Try it: Start to finish, print the data below exactly, without the images.

Dataset content:
━━━━━━
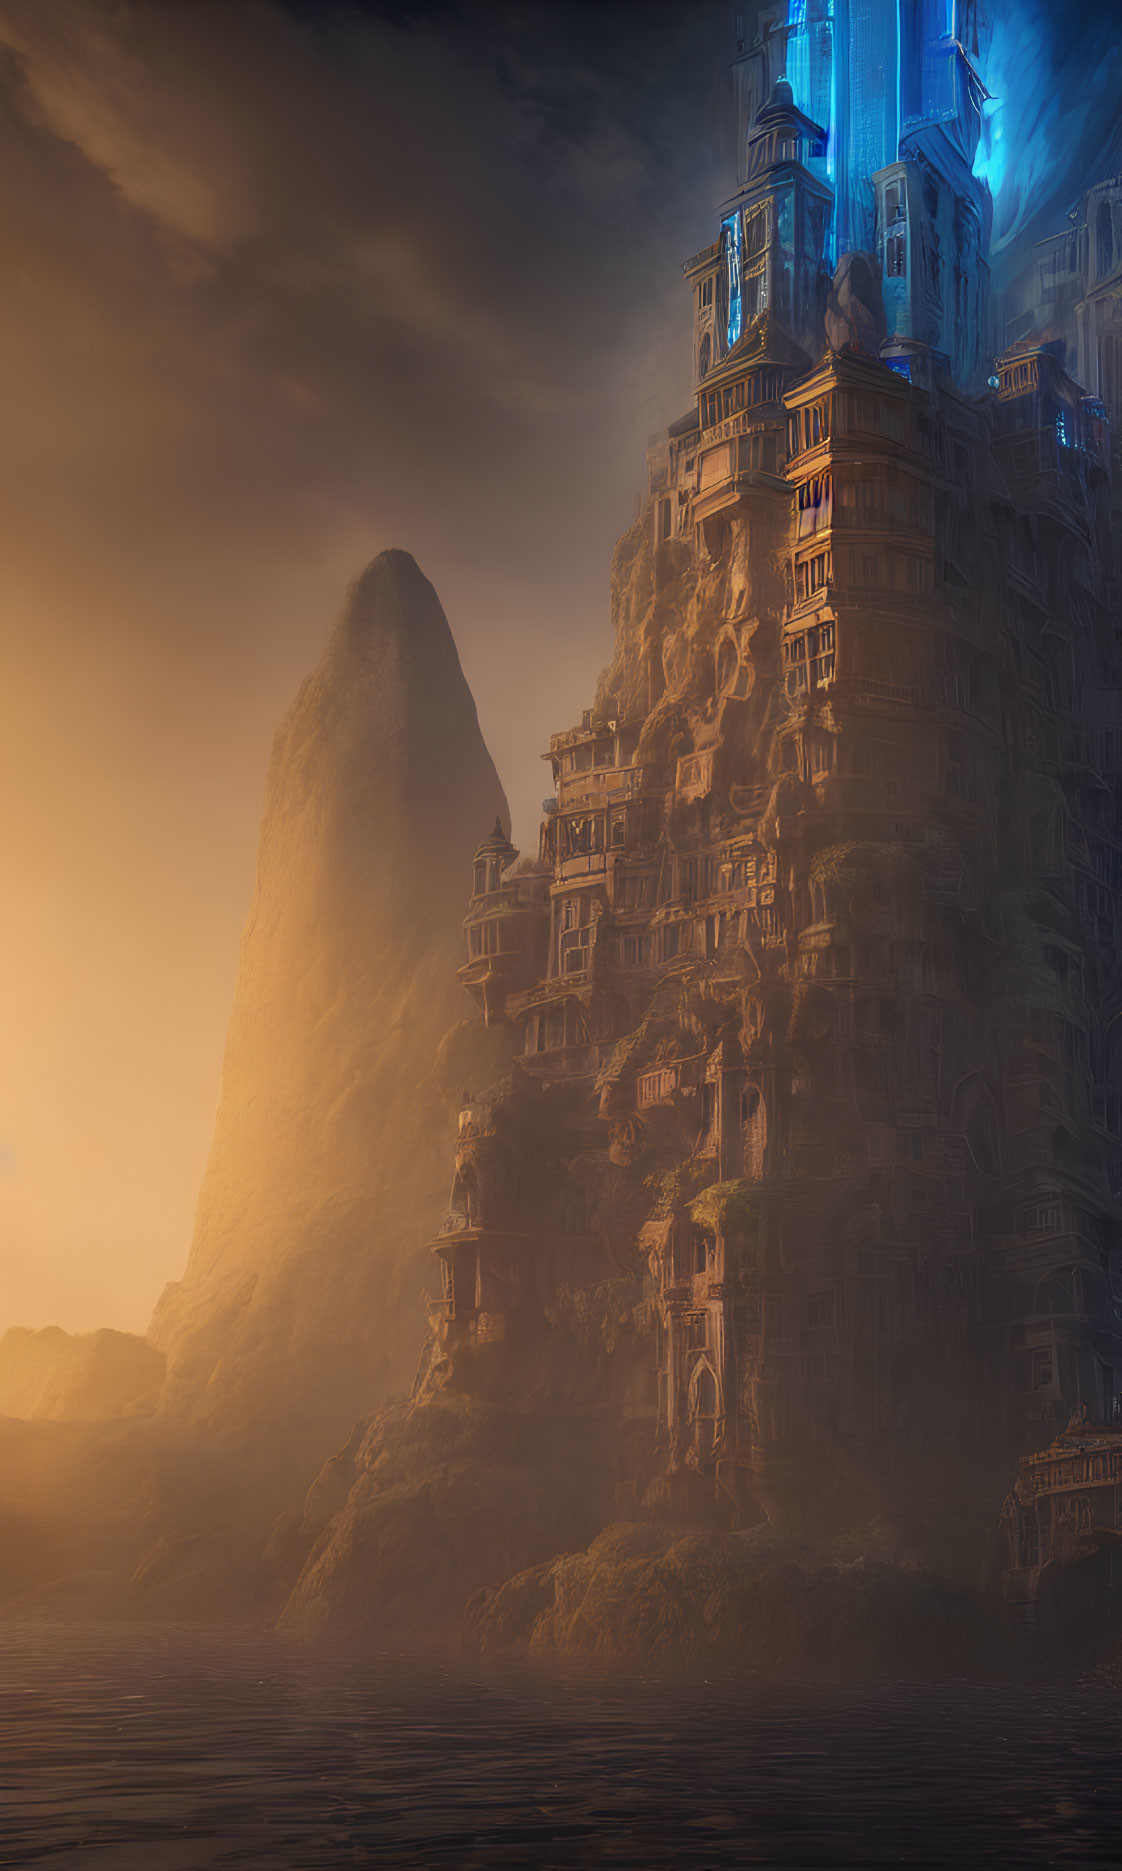 Mystical cliffside city glowing with blue lights in warm sunset haze
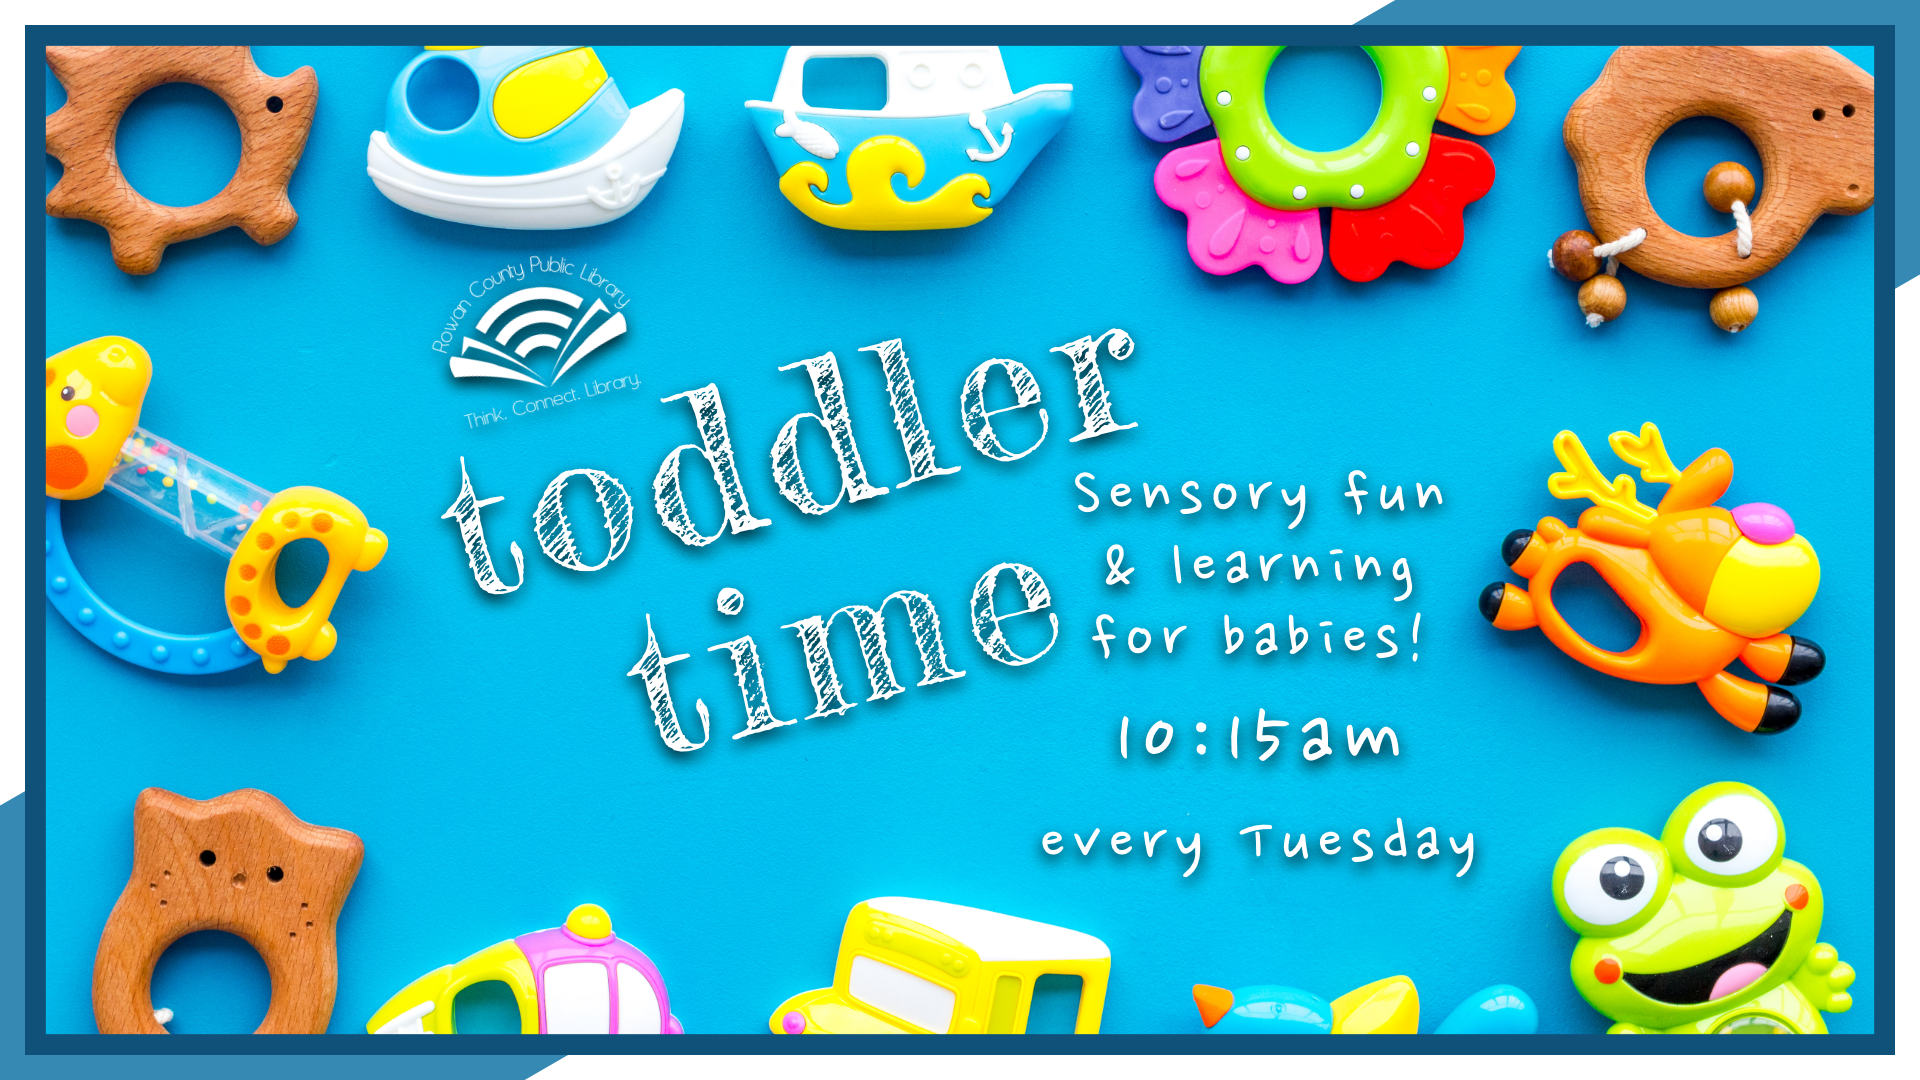 Toddler Time, Tuesdays weekly at 10:15am, intended for ages 35 months and under
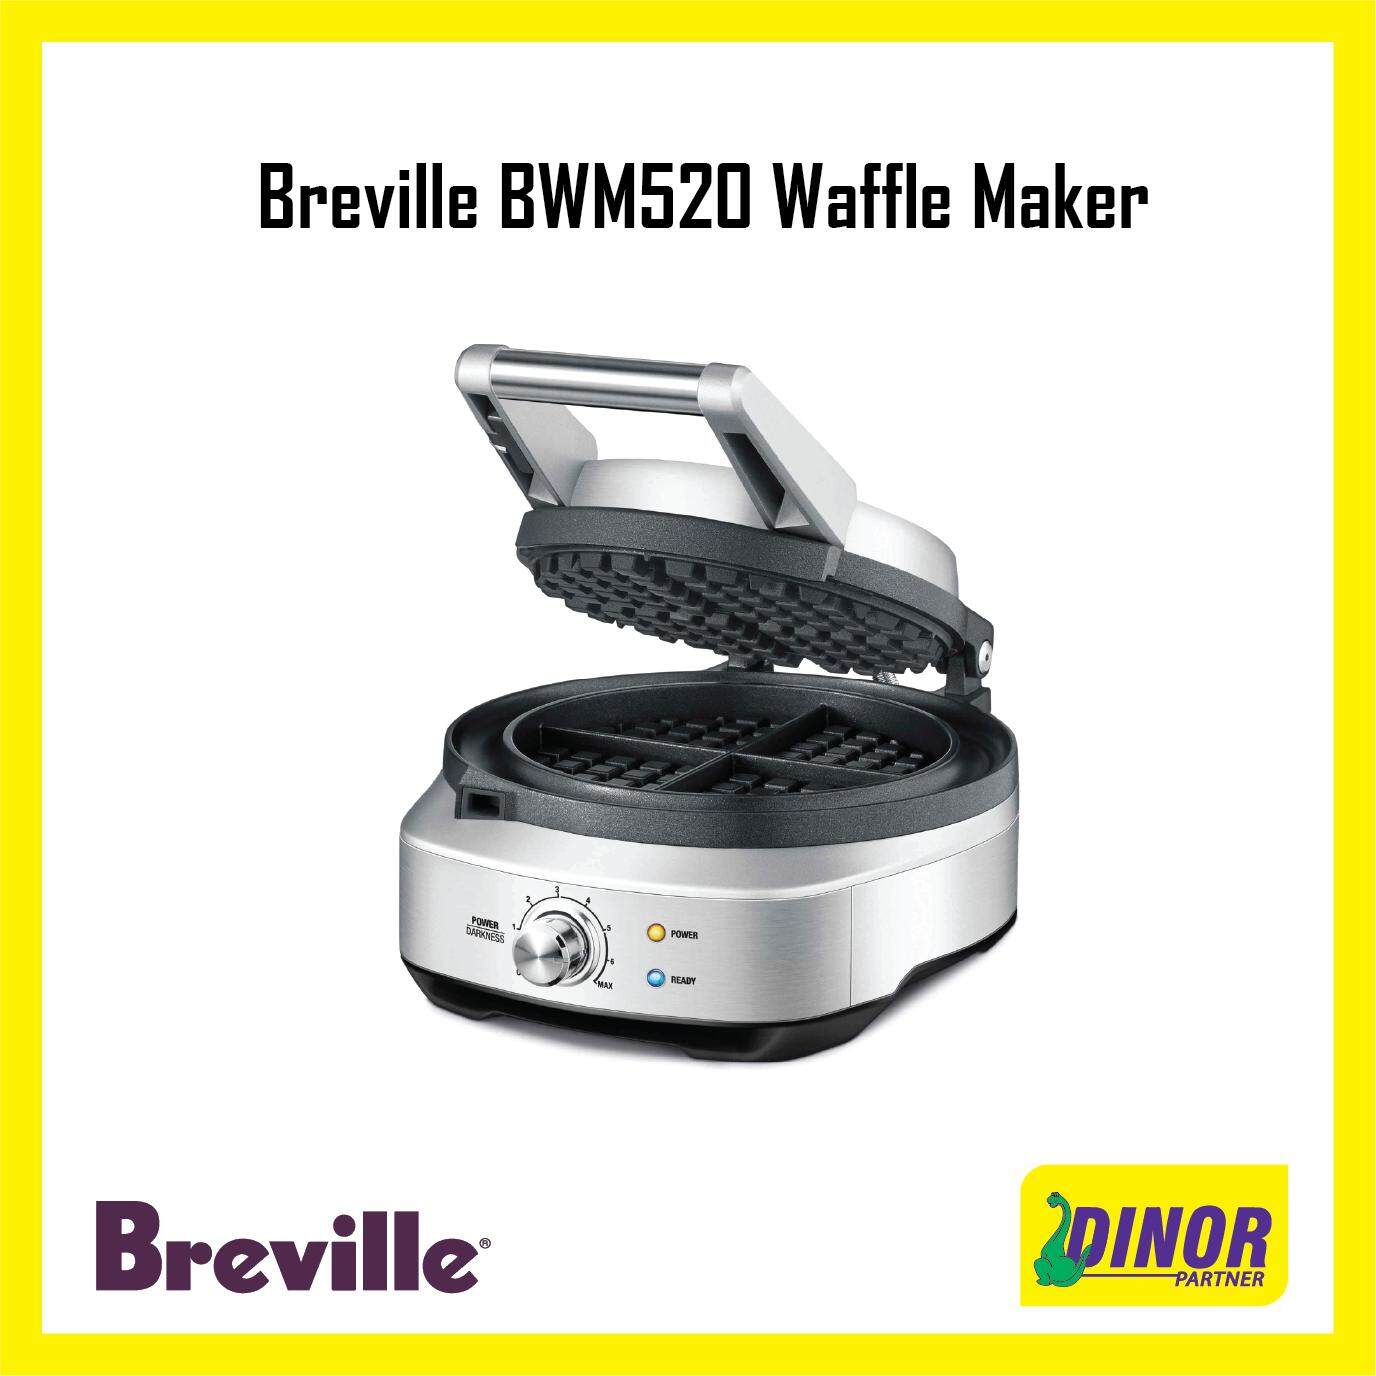 Breville the No-Mess Waffle Maker Classic BWM520
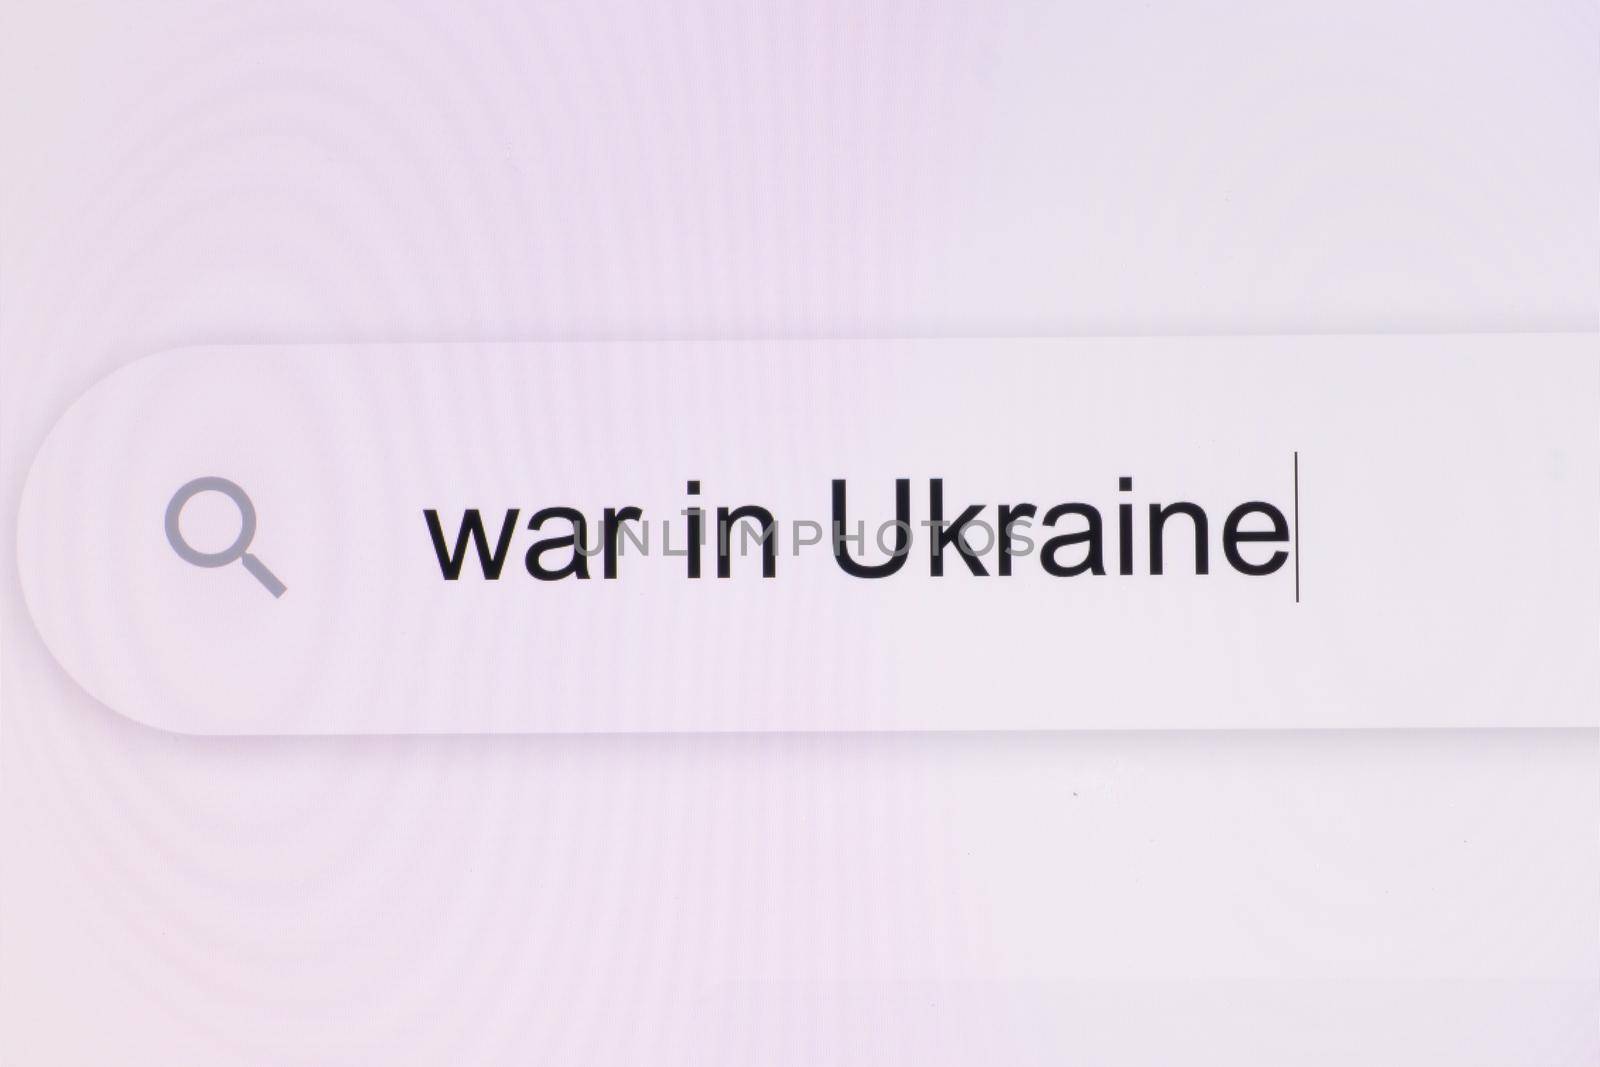 War in Ukraine animated headline of news outlets around the world. Russian Federation attacked Ukraine. War in Ukraine - Internet browser search bar question typing war related question.
━━━━━━
Solved problem:
 Mystical cliffside city glowing with blue lights in warm sunset haze
 Toddler Time, Tuesdays weekly at 10:15am, intended for ages 35 months and under
 Breville the No-Mess Waffle Maker Classic BWM520
 War in Ukraine animated headline of news outlets around the world. Russian Federation attacked Ukraine. War in Ukraine - Internet browser search bar question typing war related question.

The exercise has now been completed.